### Your instructions
Note on the material below: return exactly the lines from the line that holds "Aman Jhakar DT20" through the line that holds "Oversized Bar-Basic T-Shirt", and leave out each picture.

### Records to process
────────────────

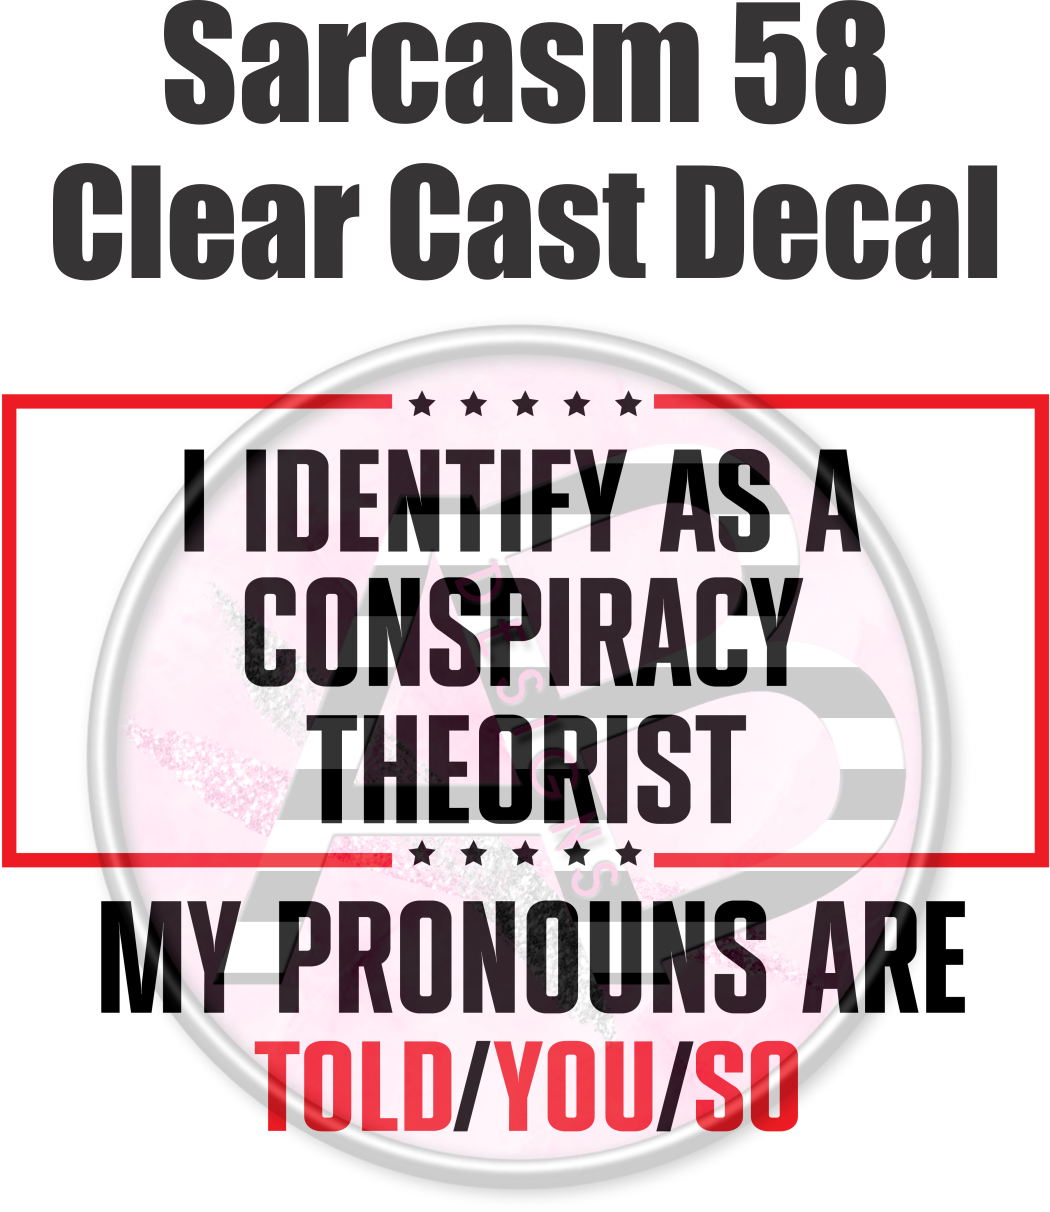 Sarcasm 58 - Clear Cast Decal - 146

────────────────

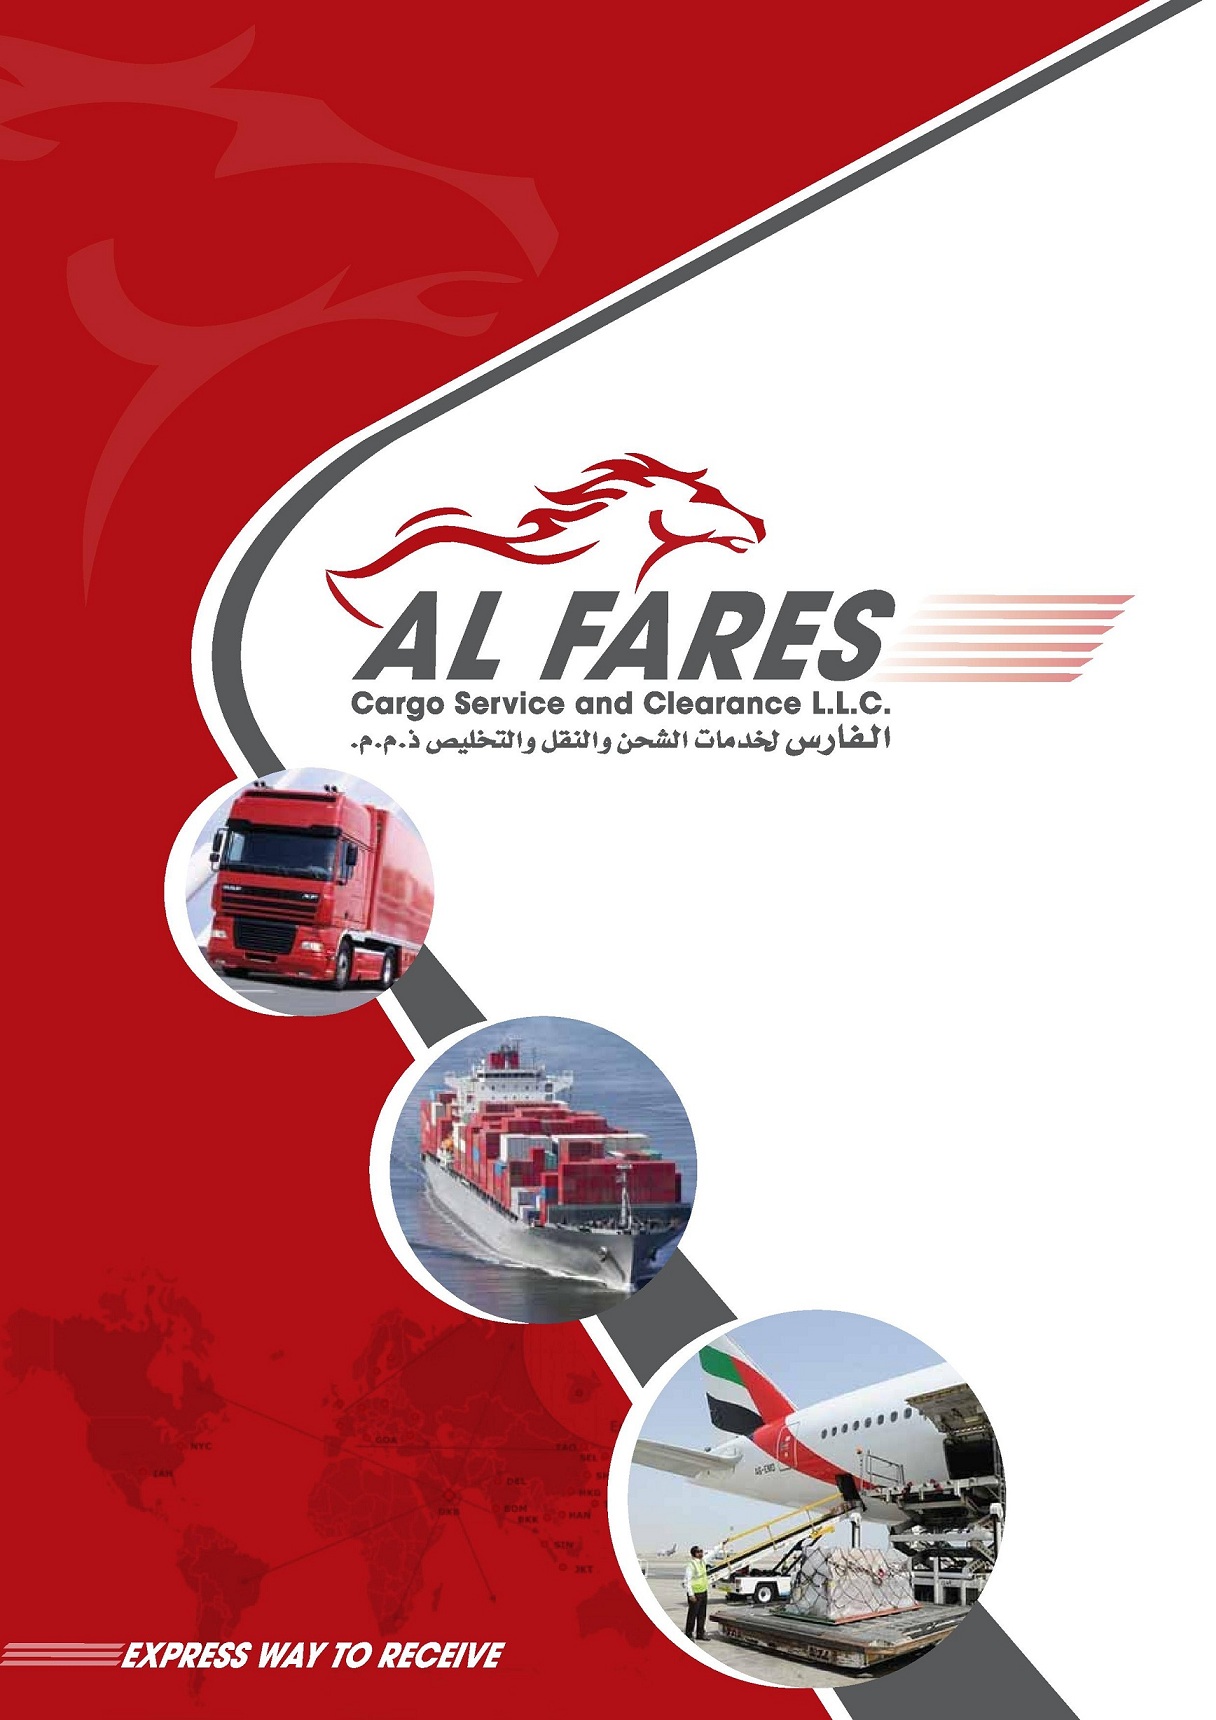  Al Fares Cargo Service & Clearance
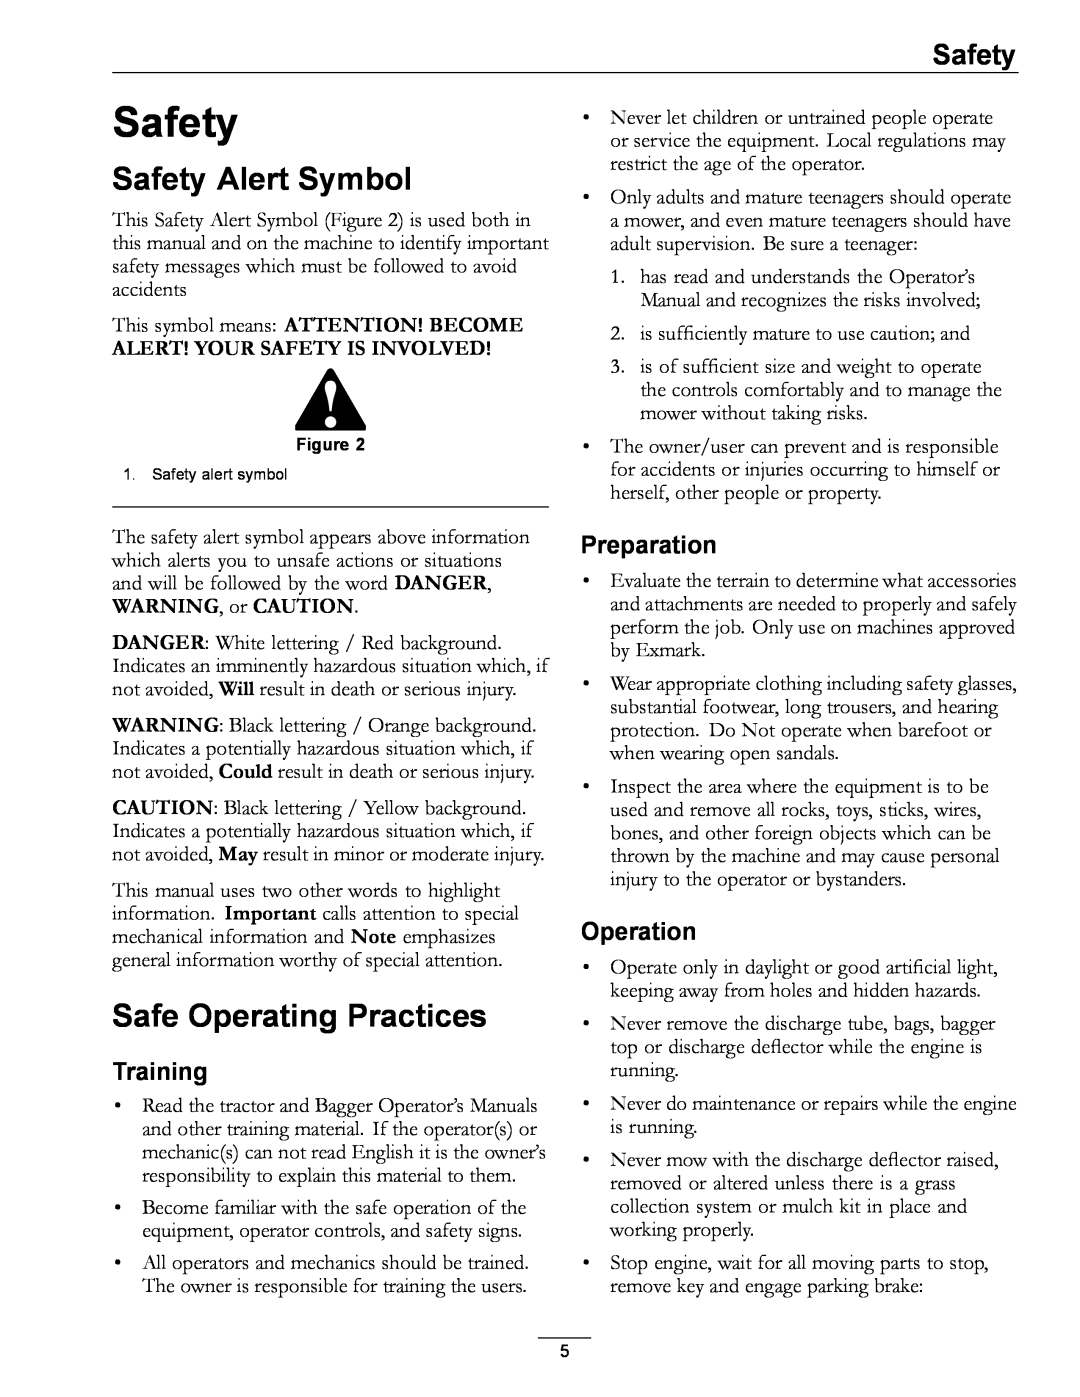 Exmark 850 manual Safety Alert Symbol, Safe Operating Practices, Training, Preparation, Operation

────────────────

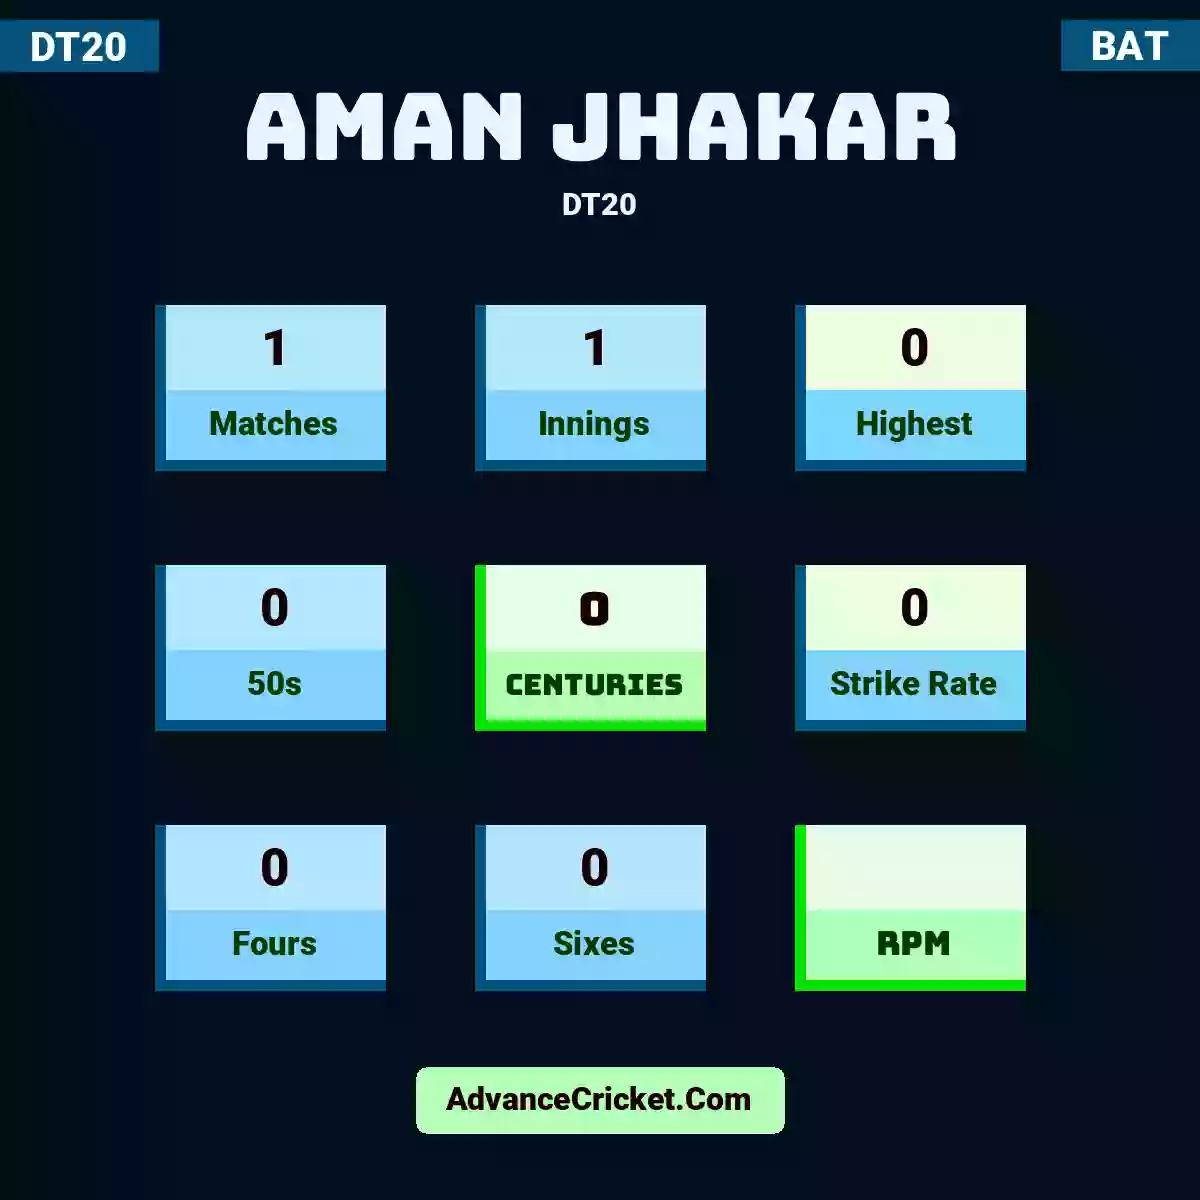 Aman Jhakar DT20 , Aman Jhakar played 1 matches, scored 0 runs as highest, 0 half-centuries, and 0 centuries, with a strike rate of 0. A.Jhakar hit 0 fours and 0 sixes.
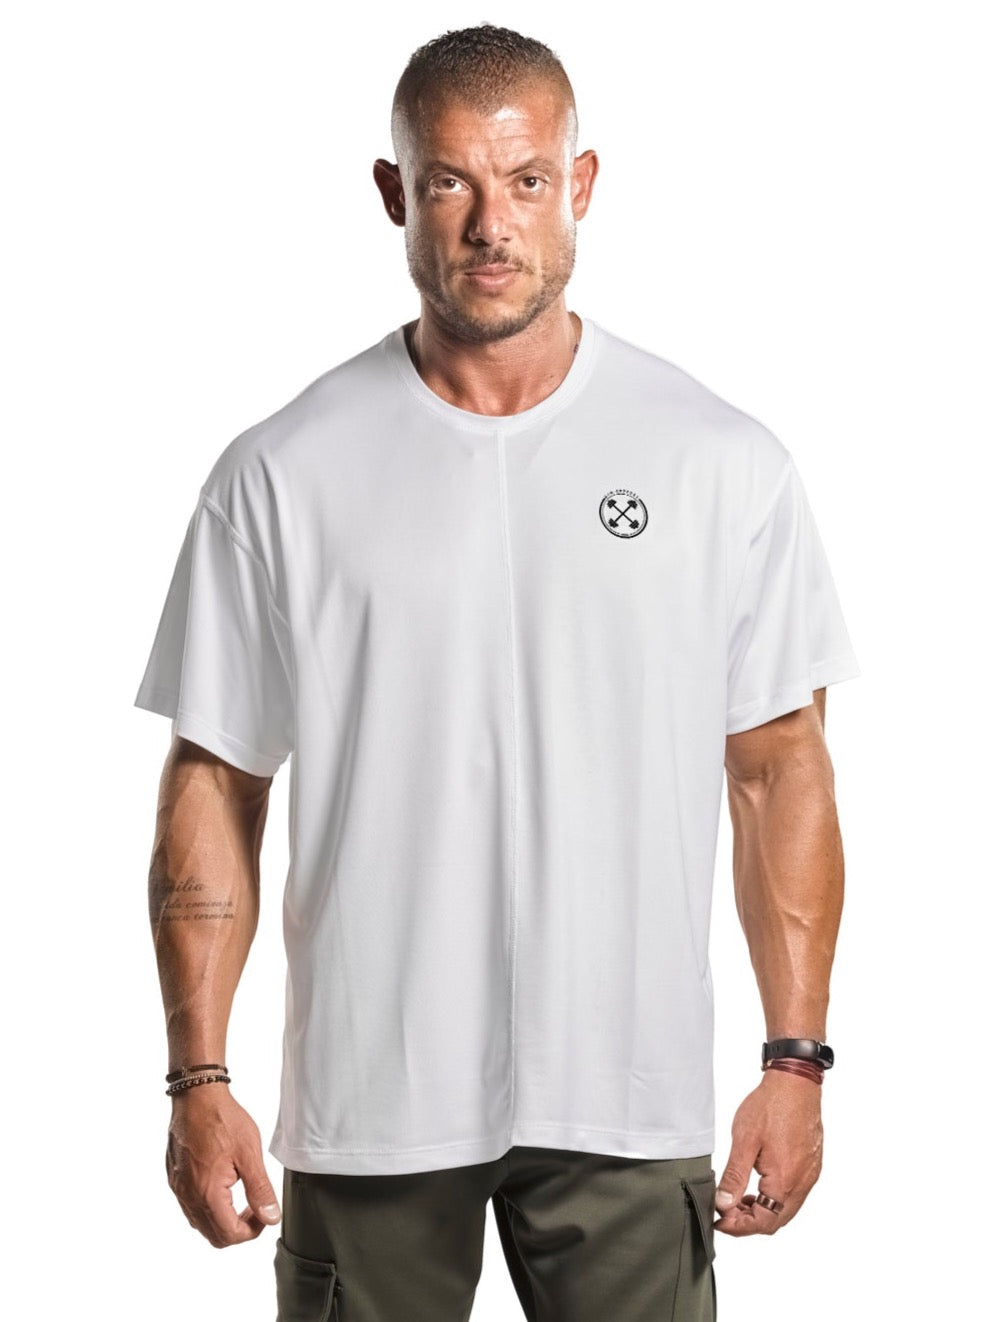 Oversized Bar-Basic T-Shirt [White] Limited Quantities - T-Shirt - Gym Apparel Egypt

────────────────

### Answer box
 Aman Jhakar DT20 , Aman Jhakar played 1 matches, scored 0 runs as highest, 0 half-centuries, and 0 centuries, with a strike rate of 0. A.Jhakar hit 0 fours and 0 sixes.
 Oversized Bar-Basic T-Shirt [White] Limited Quantities - T-Shirt - Gym Apparel Egypt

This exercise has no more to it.